The Old School Renaissance is a microcosm within the RPG world. Although many (including myself) refer to the OSR as a whole, cohesive thing, the reality is that the movement is more the result of at least half a dozen origins that random-walked into game preferences which, to an outsider, look similar. The broad preference towards the genre establishment of Dungeons and Dragons (or at least Appendix N, if not the system itself) bounds the definitions we work with; other retroclones and revivals like Cepheus and RuneQuest aren’t included, even if they too are ‘old school’. No, the main thing that all vectors of the OSR have in common is that they are trying to recreate the time when the roleplaying game was new. And when RPGs were new, either literally or in the eyes of the designer, the new thing that they first touched was (almost always) D&D.

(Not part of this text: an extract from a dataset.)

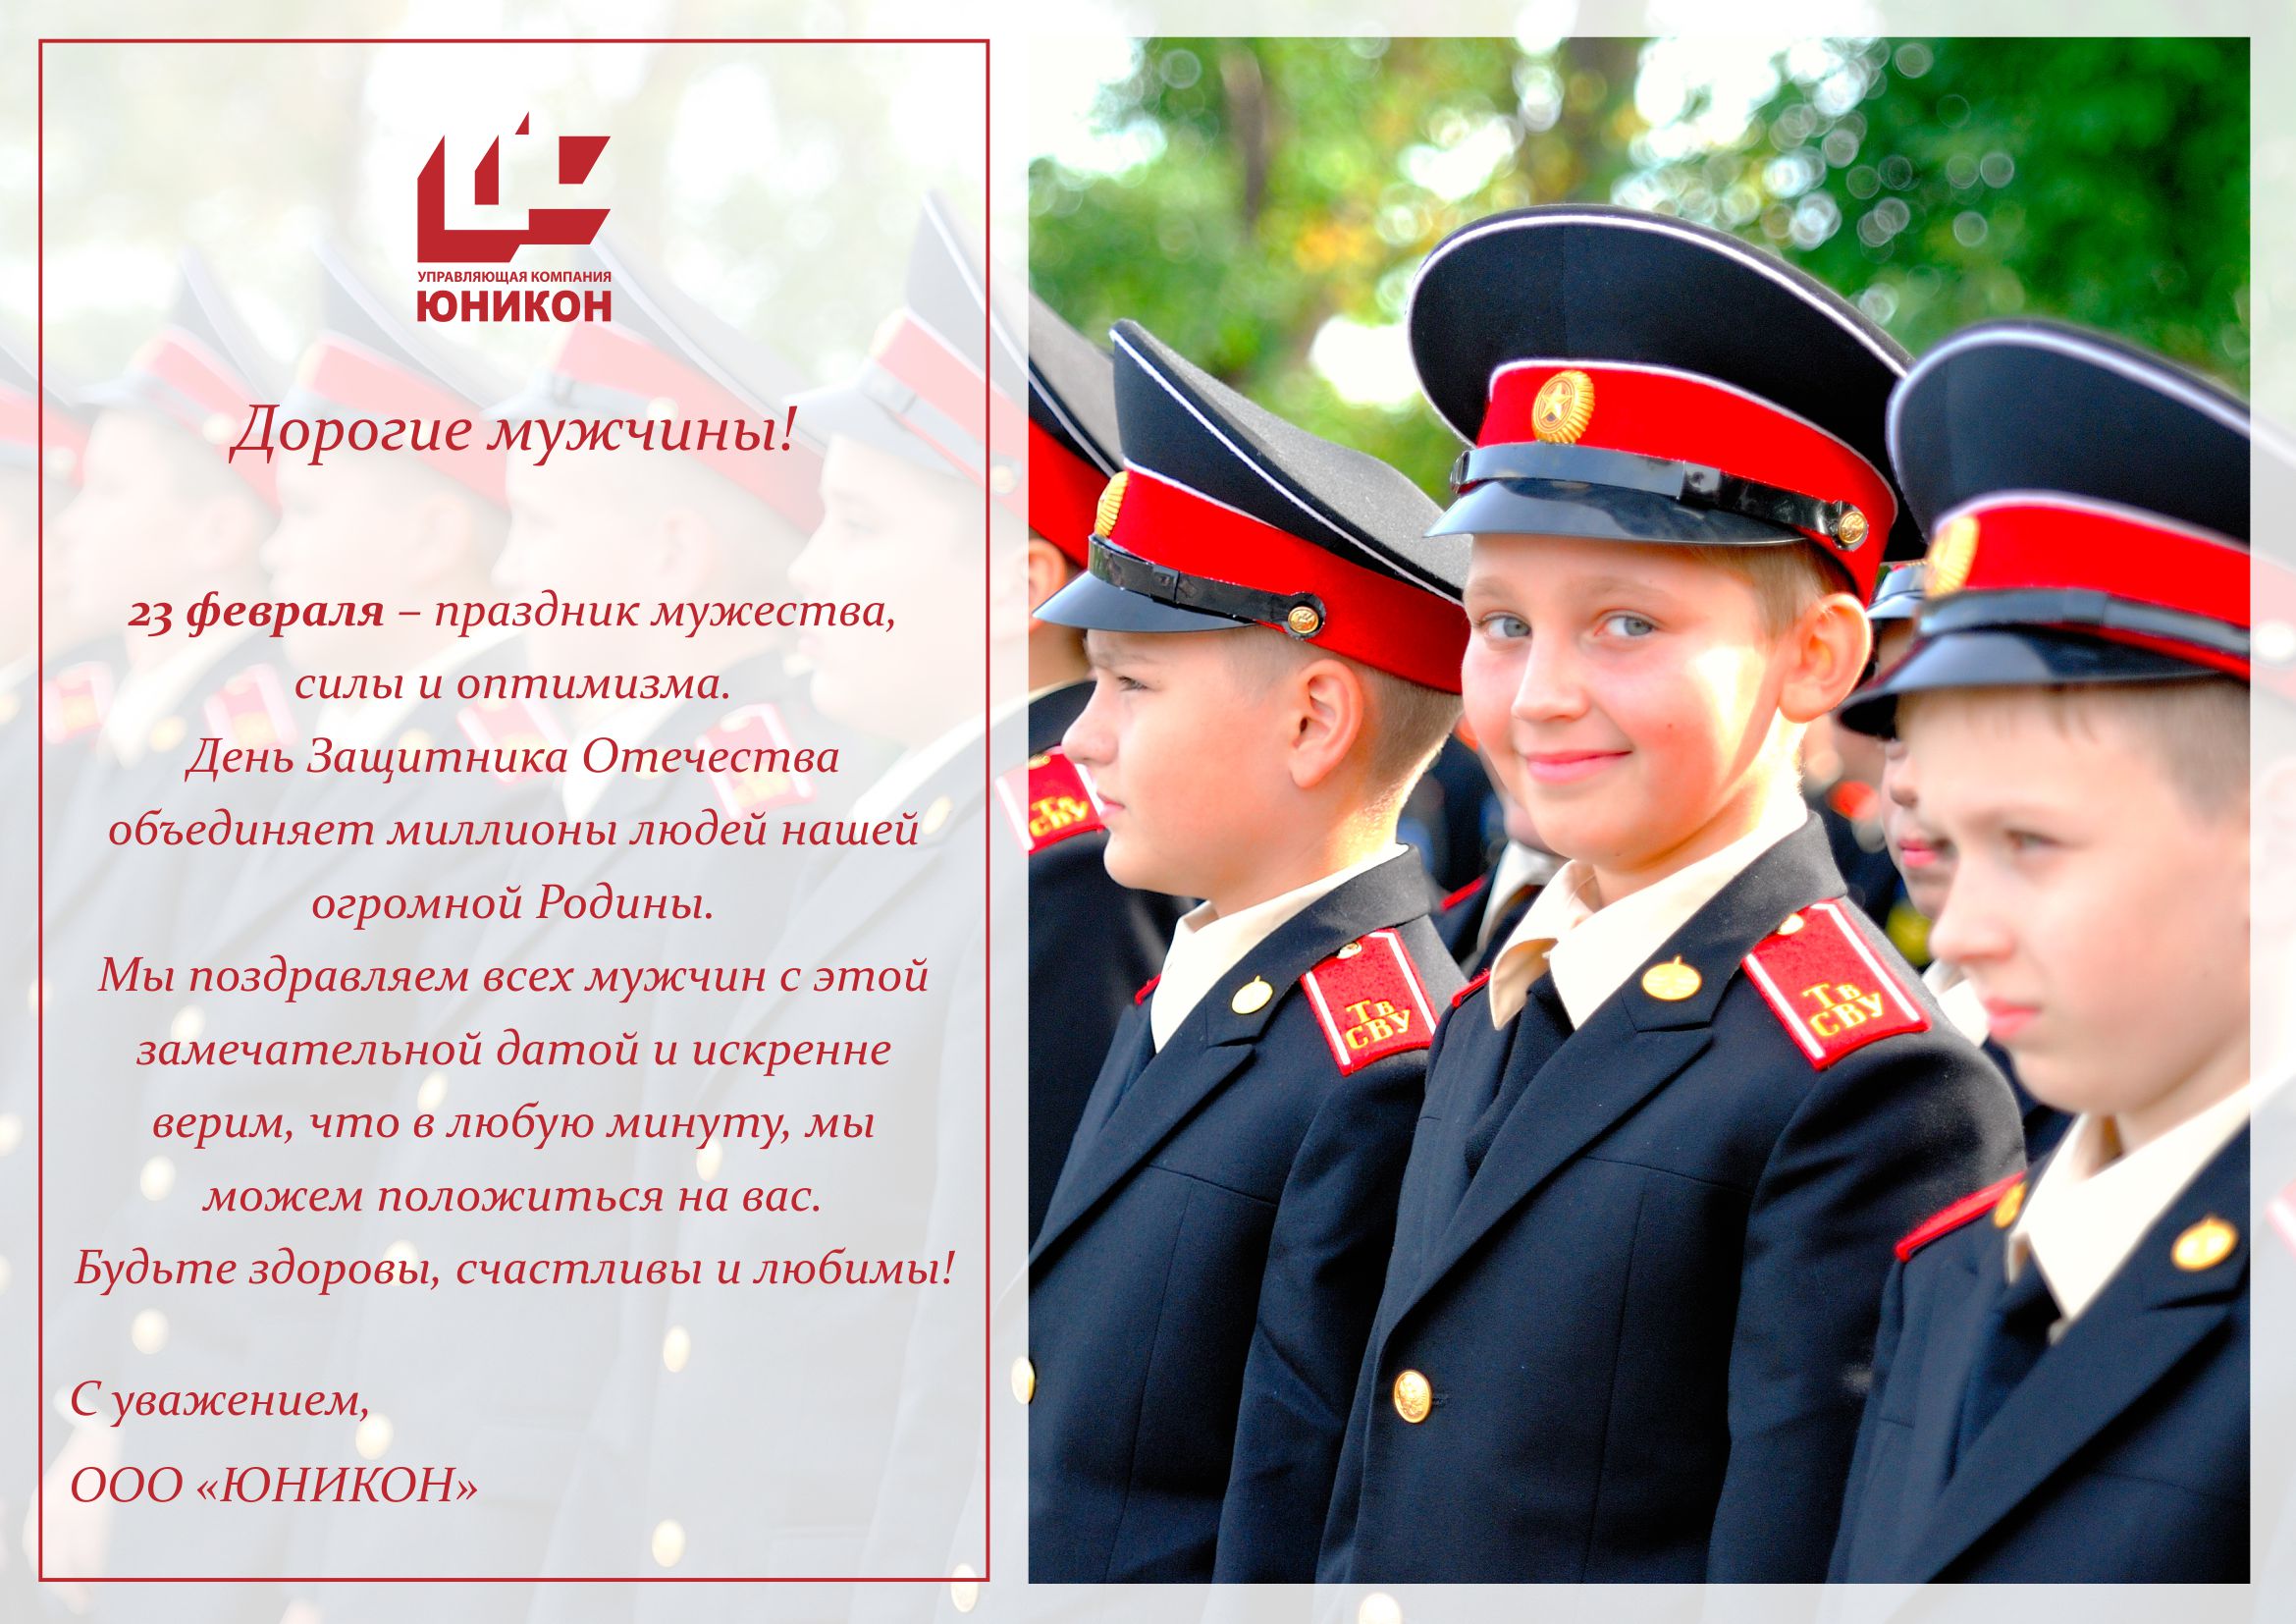 Управляющая компания "ЮНИКОН" поздравляет всех мужчин с Днем Защитника Отечества!

All OSR games are aiming for either D&D as it was, D&D as it could be, or D&D as it was supposed to be. D&D as it was is simple; Old School Essentials is a straight-up retroclone and proves that ‘Basic D&D without shitty layout and shitty editing’ is a winning recipe. It’s the best known and best selling retroclone, but the retroclone camp of the OSR is arguably the oldest (to the degree that OSR is a label we can trace it back to OSRIC). D&D as it could be is where we start getting a lot of the distillations; the rules in early editions were such a mess you barely used any of them, so clearly one could write a game only using those few rules we could actually make work. This is where Into the Odd comes in, this is arguably where The Black Hack comes in, and, if rules were in any way supposed to be primary in the game, this might be where Mork Borg would come in. This example shows setting and tone are a different topic here than ‘game’. D&D as it was supposed to be is a tough one, and there aren’t many games that really aim for this mark. Whitehack is the one that comes to mind for me, taking the length and complexity of the original booklets and turning that into something much more flexible and consistent.